Facial recognition performed with thermal camera and neural network
Image credit: Dreamstime
The US Army Research Laboratory has developed a facial-recognition system capable of identifying faces from thermal images. This could pave the way for real-time and post-mission forensic analysis to assist with covert night-time operations.
Thermal and night-vision goggles detect electromagnetic radiation of lower frequency than visible light (infrared); with the latter, in additional to visible light. This allows operators to view action and objects - such as humans and electrical equipment - based on the heat signatures that they emit. Thermal cameras are used for surveillance in check points and watch towers and increasingly on body cams.
The ability to perform facial recognition using images from thermal cameras would enhance this surveillance, such as by automatically detecting when a person of interest is nearby and sending an alert to operators.
“This technology enables matching between thermal face images and existing biometric face databases/watch lists that only contain visible face imagery,” said Dr Benjamin Riggan, a research scientist who was involved in the development of the technology.

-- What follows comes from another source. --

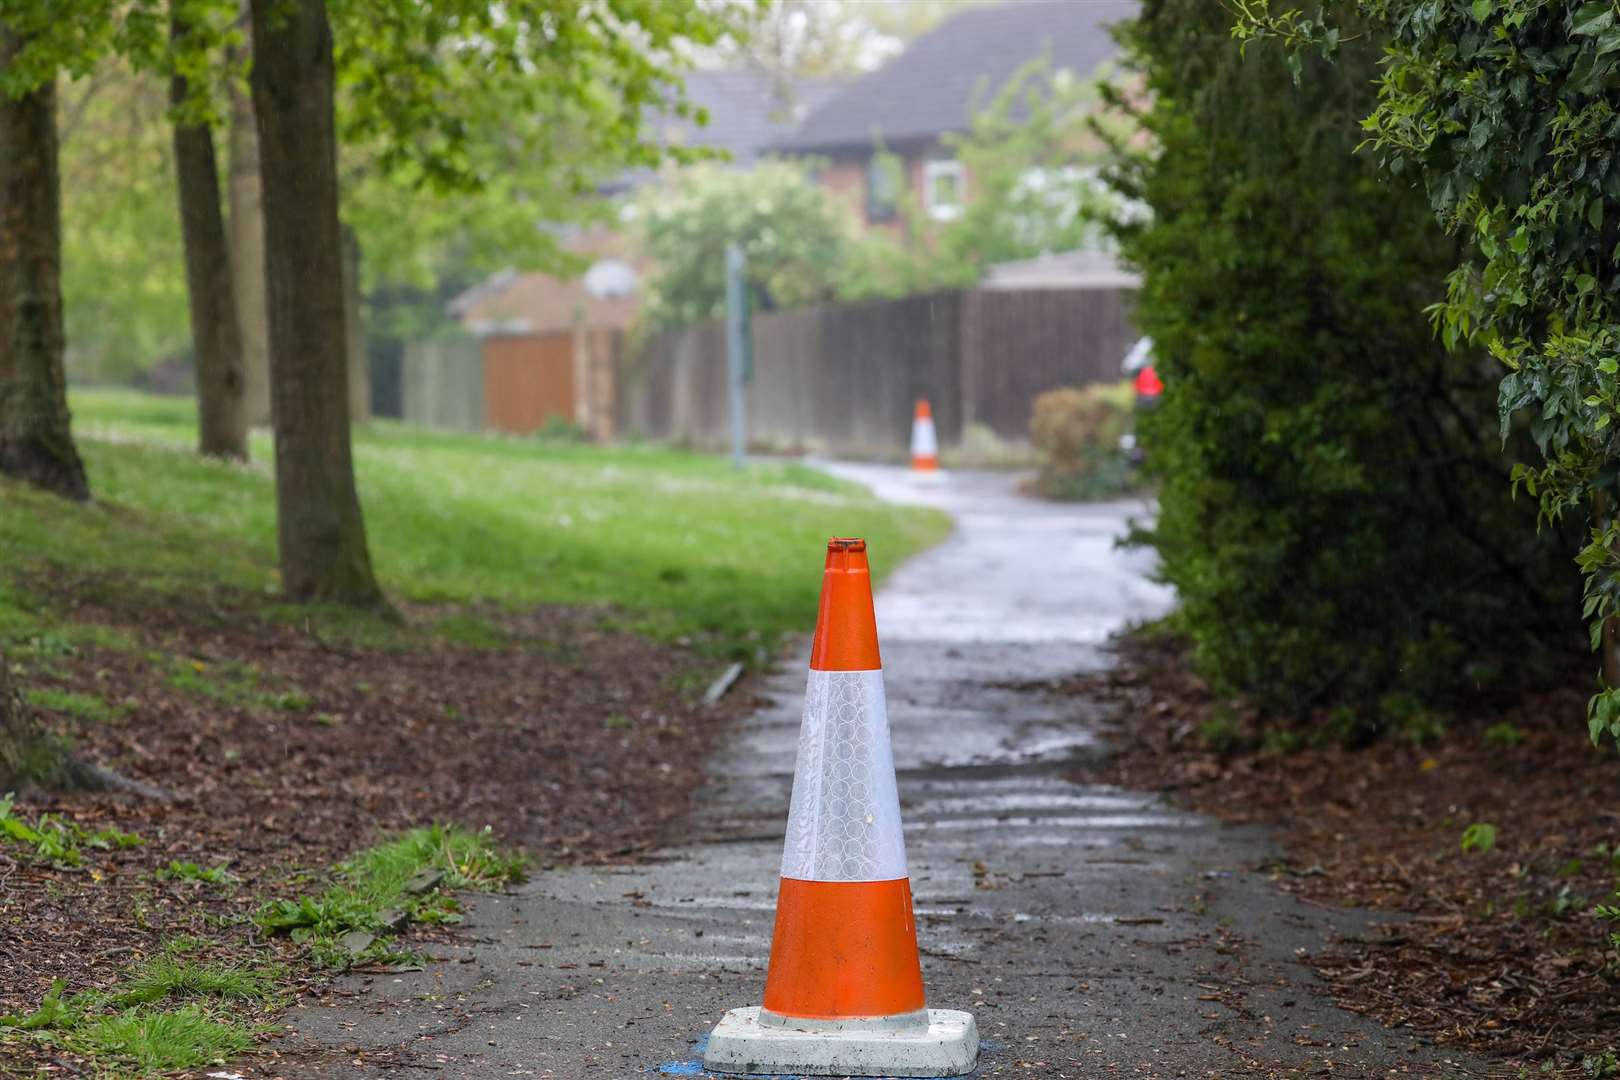 Cones have been placed for safety reasons where manhole covers were stolen in one road Picture: UKNIP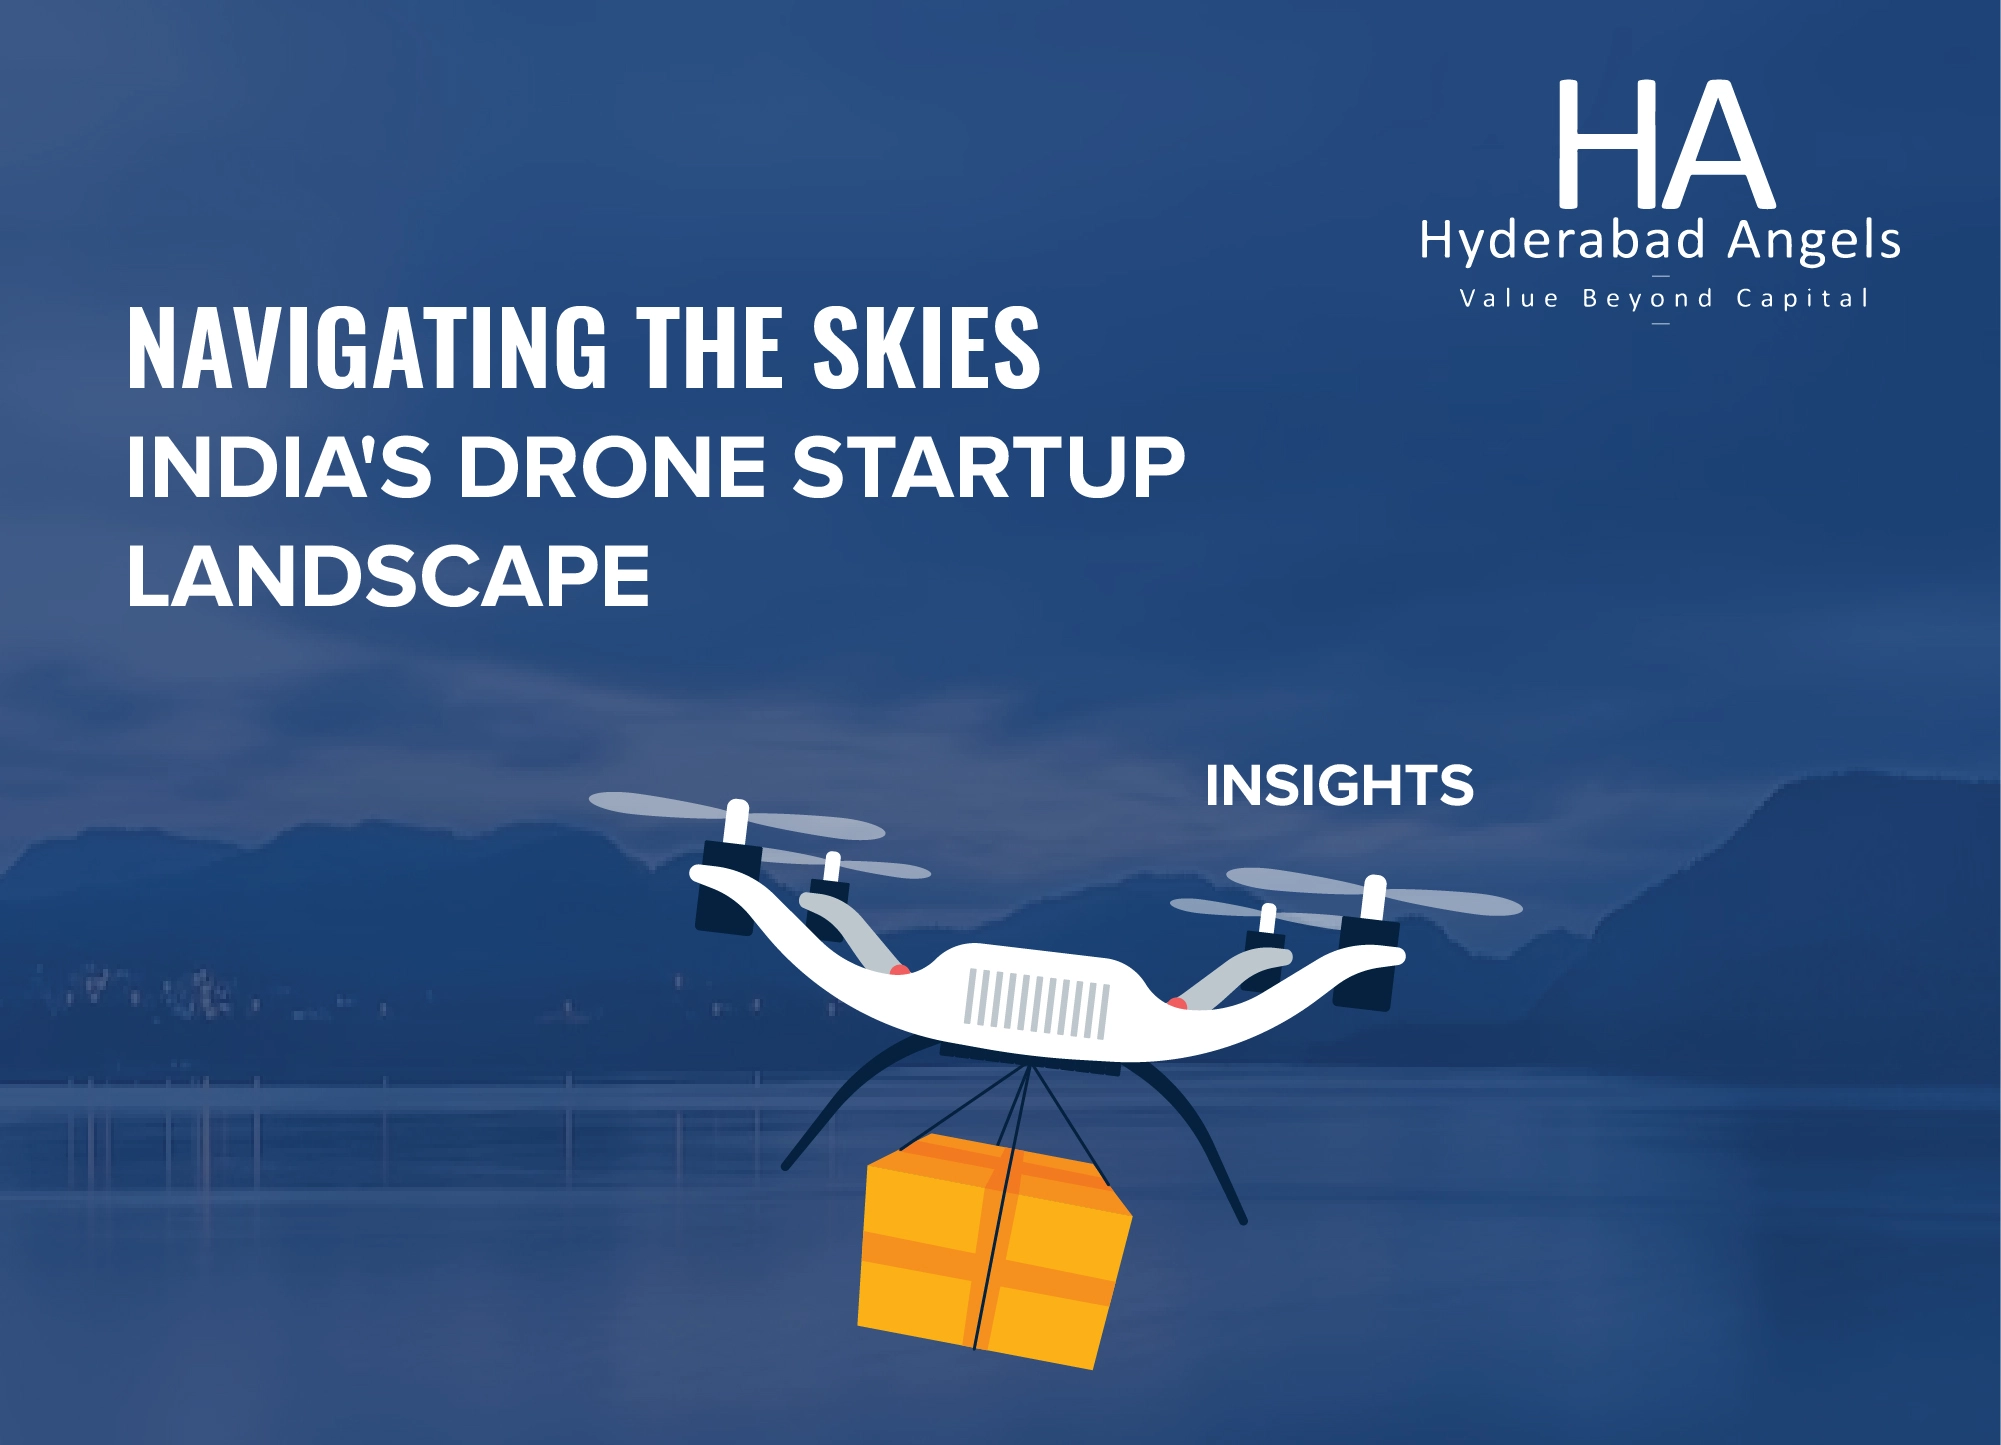 NAVIGATING THE SKIES: INDIA’S DRONE STARTUP LANDSCAPE

“The technology provides a way for a human to visually compare visible and thermal facial imagery through thermal-to-visible face synthesis.”
According to Riggen, under night-time and low-light conditions, a conventional camera - which captures visible light - is not able to capture images without use of an attention-grabbing flash. This would immediately reveal the location of the camera.
While thermal cameras do not have this drawback, matching a thermal image of a face with an image of a face captured with a conventional camera is a challenge known as ‘cross-spectrum’ facial recognition.
The US Army researchers approached the challenge using techniques based on deep neural networks: multi-layered computer programs which loosely mimic the structure of biological brains, often used for image analysis. They employed a non-linear regression model to map a thermal image into a representation in visible light and an optimisation problem which preserves the shape of the whole face such that a synthesised visible image can be generated.
The researchers were able to perform facial verification using this approach and found that it was effective. It was capable of performing recognition almost in real time while running on a laptop.
According to Riggan, the group will continue the research and aim to develop the technology for military use.